Horse-racing effect and clinical trials in older persons
- 1Gérontopôle, Centre Hospitalier Universitaire de Toulouse, Toulouse, France
- 2INSERM UMR1027, Université de Toulouse III Paul Sabatier, Toulouse, France
- 3Dipartimento di Neurologia e Psichiatria, Sapienza Università di Roma, Rome, Italy
The standard methodologies for the design and conduction of randomized controlled trials (RCTs) are often difficult to be directly applied when older persons compose the target population (Pahor and Cesari, 2012). In fact, specific methodological adaptations are often required to guarantee the feasibility of the trial, ensure the participants’ adherence/compliance to the protocol, and allow the unbiased/proper interpretation of the findings. In this paper, we present the case of a frequently ignored issue potentially affecting the interpretation of results generated by RCTs. In particular, we describe how the health status fluctuations of older persons (especially in the presence of frailty) may bias the randomization procedures. Possible solutions to such phenomenon are also offered.

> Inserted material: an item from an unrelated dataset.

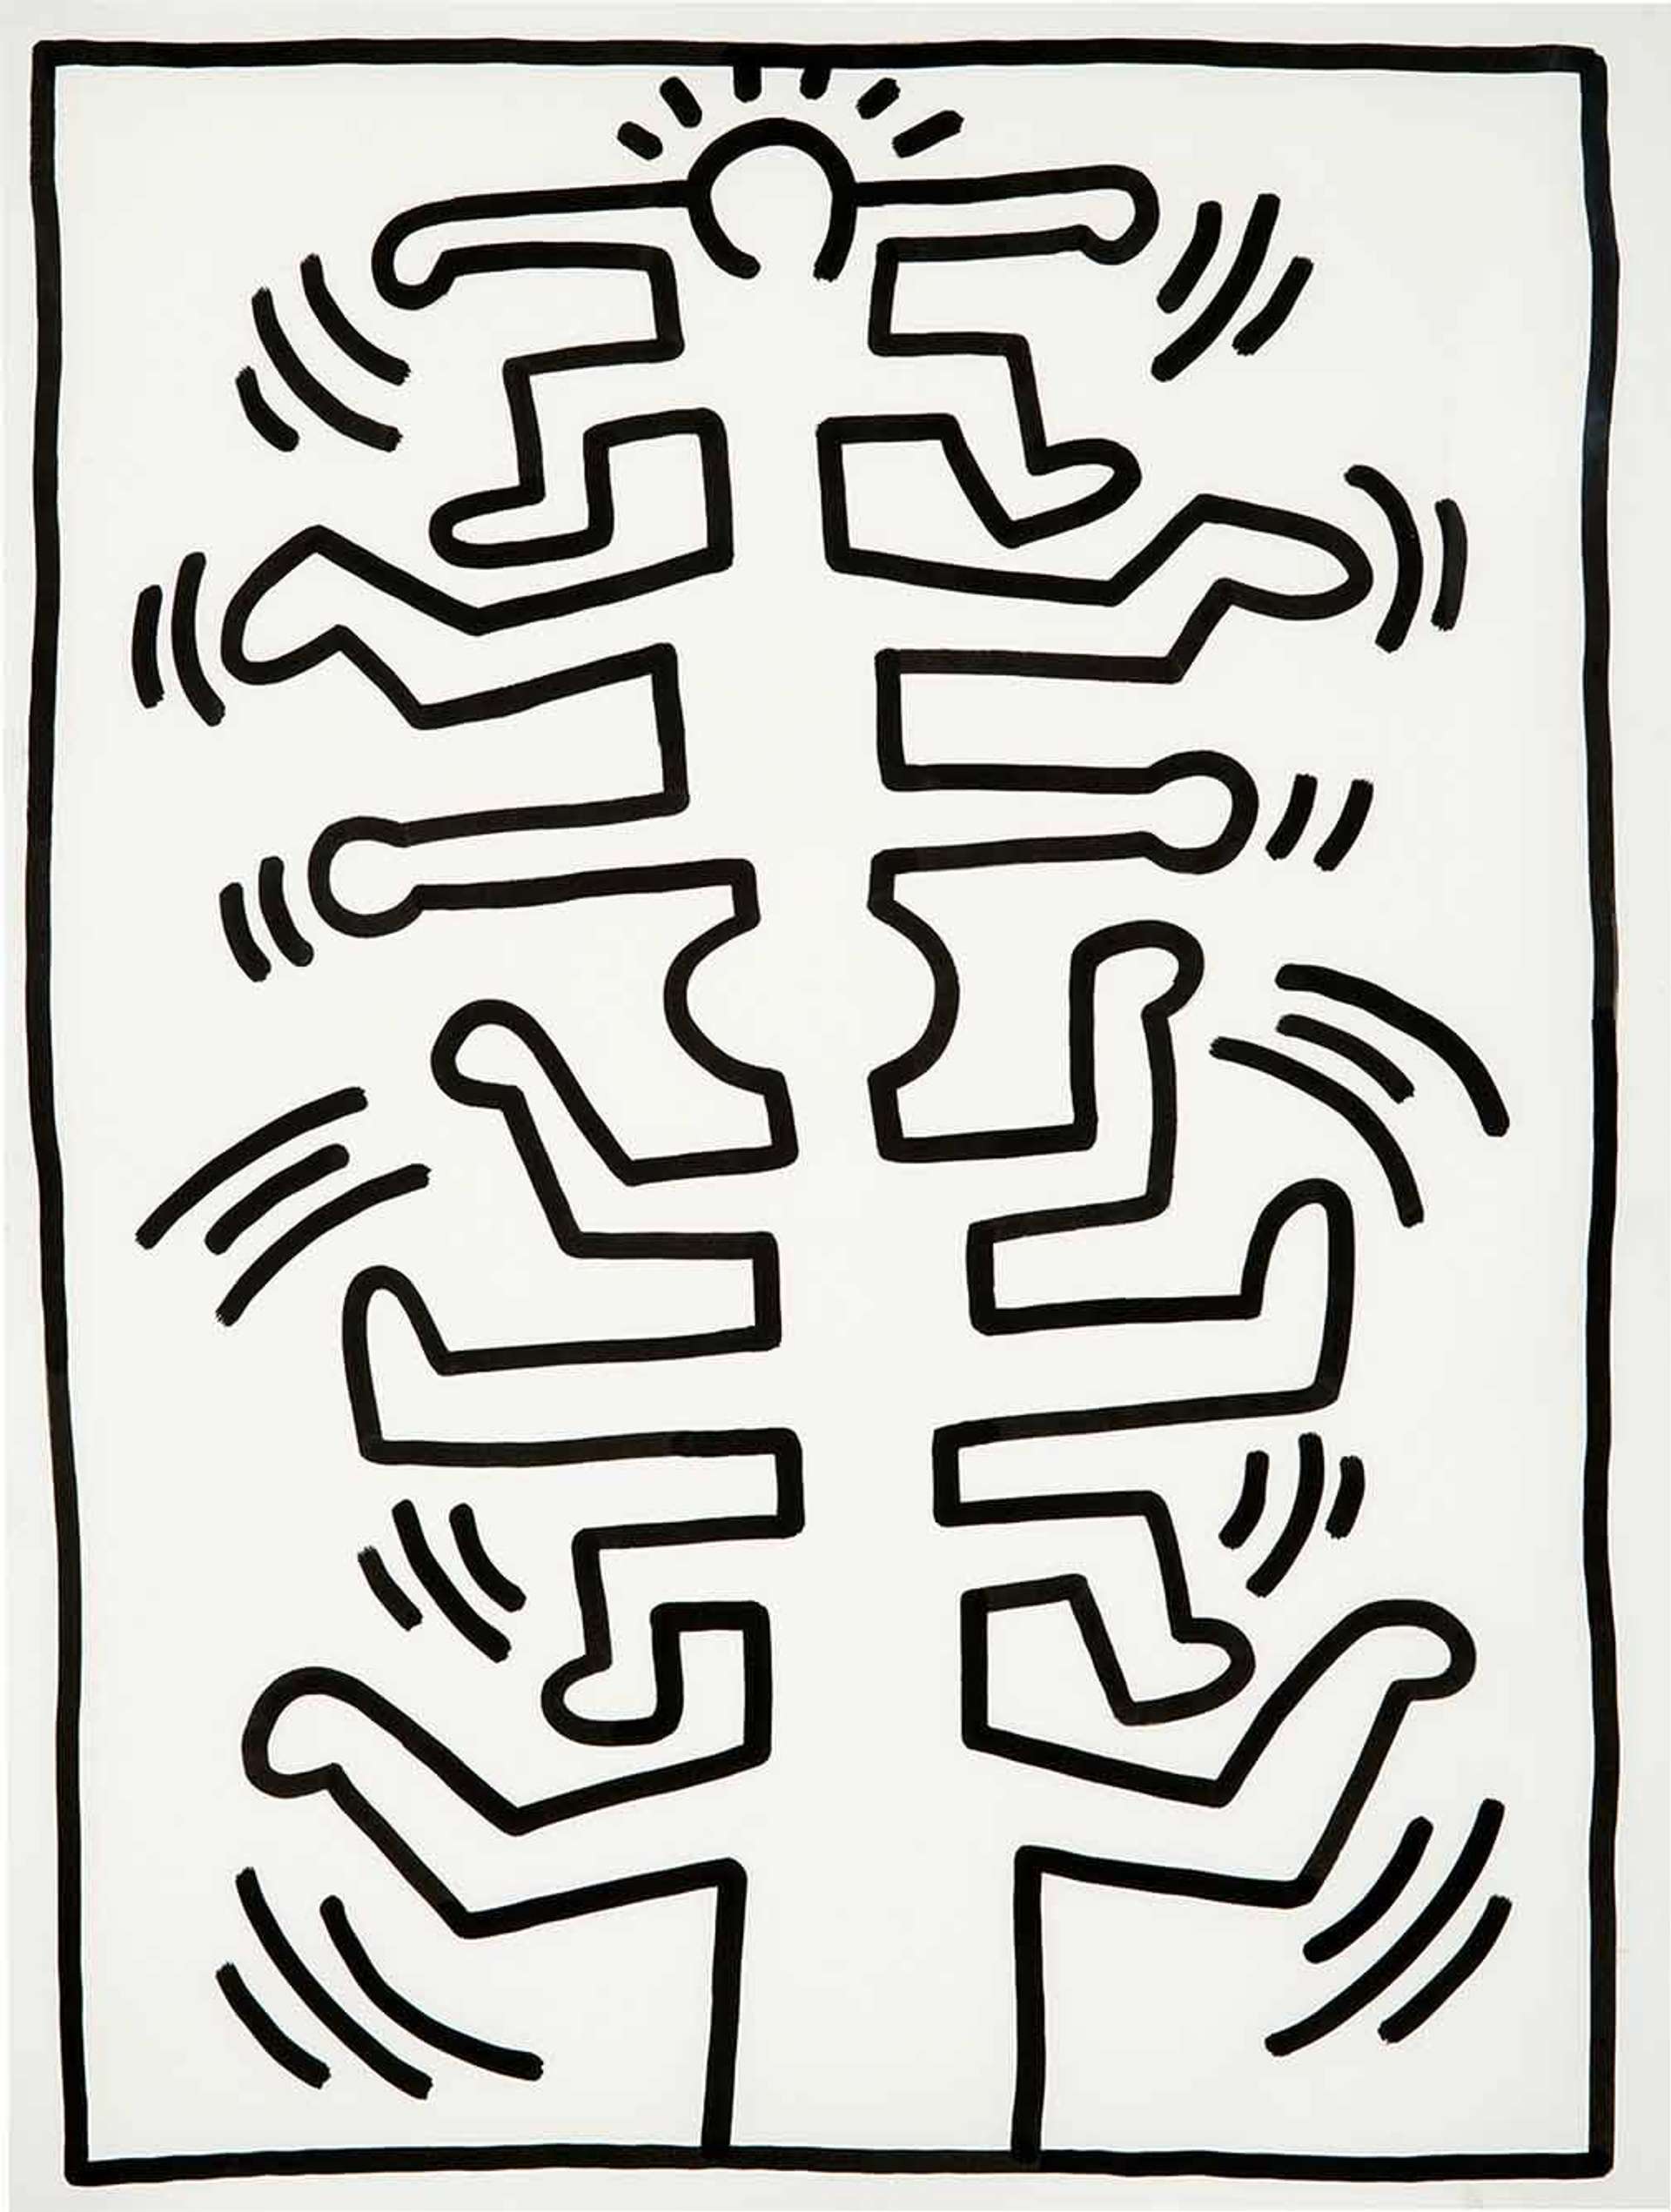 Untitled 1987 - Signed Work on Paper by Keith Haring 1987 - MyArtBroker

Clinical Trials in Older Persons
Randomized controlled trials represent the gold standard for the assessment of efficacy and effectiveness of interventions. Given the socio-demographic trends of our societies, the conduction of trials in older persons is growingly becoming pivotal. However, old age often implies special challenges in the design of intervention studies from methodological, clinical, and social viewpoints (Pahor and Cesari, 2012). In particular, the representativeness of the study sample (and, consequently, the possible future generalization of the study findings) is often affected by the complexity of this population.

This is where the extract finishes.